5 Replies Latest reply on Oct 30, 2007 1:29 PM by pamcorey

    lock out users after three failed login attempts

    pamcorey
      I used Dreamweavers login wizard to secure a directory in my application (using simple authentication). That all works fine but now I need to add the functionality where a user would be locked out (temporarily - using a session variable) after three failed login attempts. I've tried many ways but I can't figure it out. I've enabled session management in my application.cfm and set the sessiontimeout variable. Where do I put the code (and what code would that be) that counts the attempts and then freezes it after three failed attempts?

      This is the code in the mm_wizard_authenticate.cfc file:

      <cffunction name="simpleauth" access="private" output="false" returntype="struct" hint="Authenticate using a single username and password">
      <cfargument name="sUserName" required="true" hint="The username that was setup in the Login Wizard.">
      <cfargument name="sPassword" required="true" hint="The password that was setup in the Login Wizard.">
      <cfargument name="uUserName" required="true" hint="The username passed in from the client.">
      <cfargument name="uPassword" required="true" hint="The password passed in from the client.">
      <cfset var retargs = StructNew()>

      <cfif sUserName eq uUserName AND sPassword eq uPassword>
      <cfset retargs.authenticated="YES">
      <cfelse>
      <cfset retargs.authenticated="NO">
      </cfif>
      <cfreturn retargs>
      </cffunction>

      I'm thinking I need to add something like this (below) somewhere but I don't know where.
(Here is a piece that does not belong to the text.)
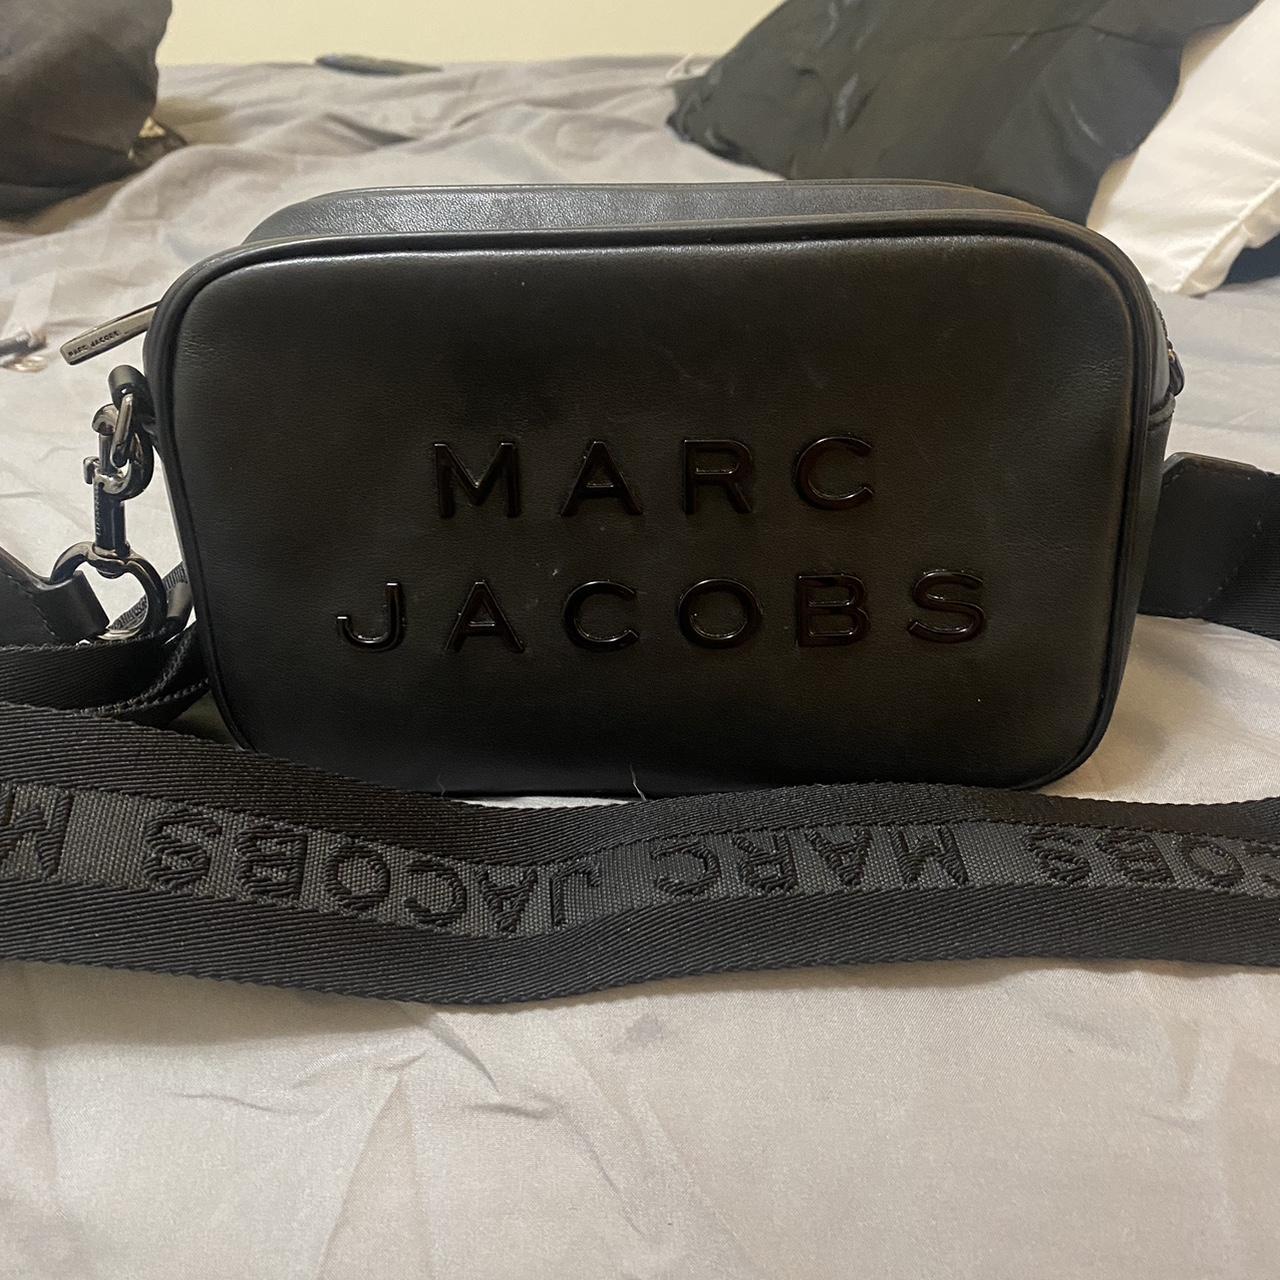 LOUIS VUITTON KALAHARI GM bag /Marc Jacobs - Depop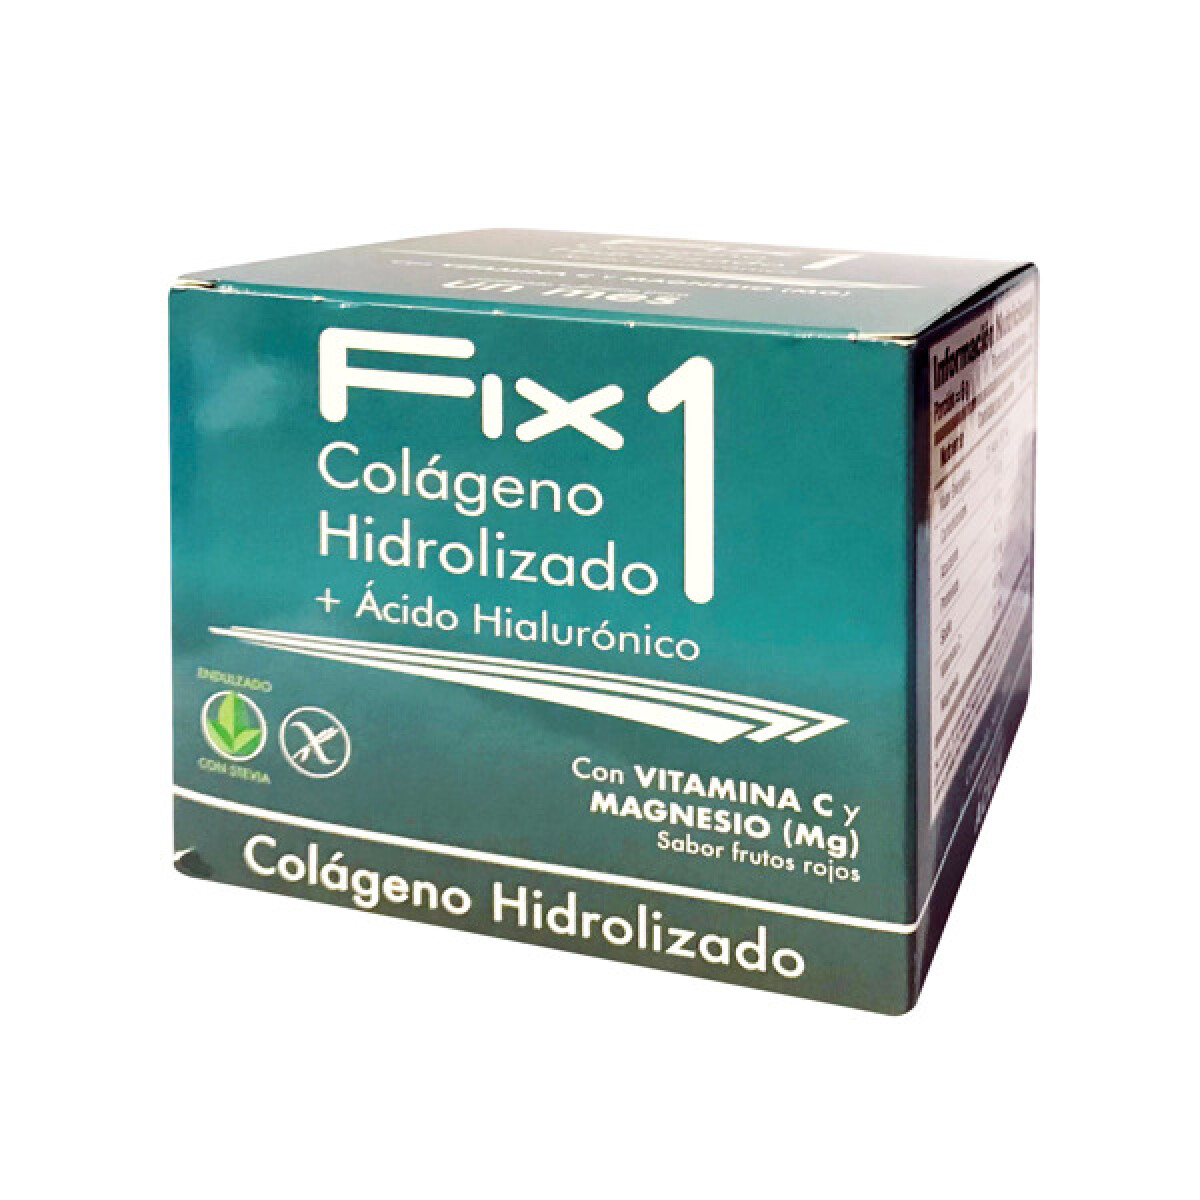 Colágeno Hidrolizado + Ácido Hialurónico Fix 1

      <cflock scope="SESSION" timeout="3" type="EXCLUSIVE">
      <cfif NOT IsDefined("request.login") or request.login neq 1>
      <cflocation addtoken="No" url="mm_wizard_login.cfm">
      </cfif>
      </cflock>

      Any help gratefully appreciated. Thanks!
        • 1. Re: lock out users after three failed login attempts
          jdeline Level 1
          Something like this might work for you.
          • 2. lock out users after three failed login attempts
            Mamdoh_Alhabeeb
            I will suggest that you use the cookie. Every time the attempt fail, you will check if the cookie exists if it does than you will add 1 to the value.


            before you display the login screen, you will check the value of the cookie. if the value is more than 3 then you will only display a message indicating that the he/she can't logon.

            if the logon successful, then you need to reset the cookie value to zero.

            Also, in the application.cfm you need to do the following:

            <cfif isDefined('cookie.cfid') and isDefined('cookie.cftoken')>
            <cfset localcfid= cookie.cfid>
            <cfset localcftoken = cookie.cftoken>
            <cfcookie name="cfid" value="#localcfid#">
            <cfcookie name="cftoken" value="#localcftoken#">

            </cfif>

            The code above will clear the session information whenever the user close the browser and open it again.

            Good luck
            Mamdoh
            • 3. lock out users after three failed login attempts
              pamcorey Level 1
              Where in my code do I add this code, jdeline?
              • 4. Re: lock out users after three failed login attempts
                jdeline Level 1
                The top section goes at the top of the page on which you are doing the authentication. The bottom section goes after the authentication is checked.
                • 5. Re: lock out users after three failed login attempts
                  pamcorey Level 1
                  My first attempt at putting in your code resulted in locking myself out completely. My second attempt just doesn't lock at all. I'm thinking I have the items in the wrong place in the files or in the wrong files altogether.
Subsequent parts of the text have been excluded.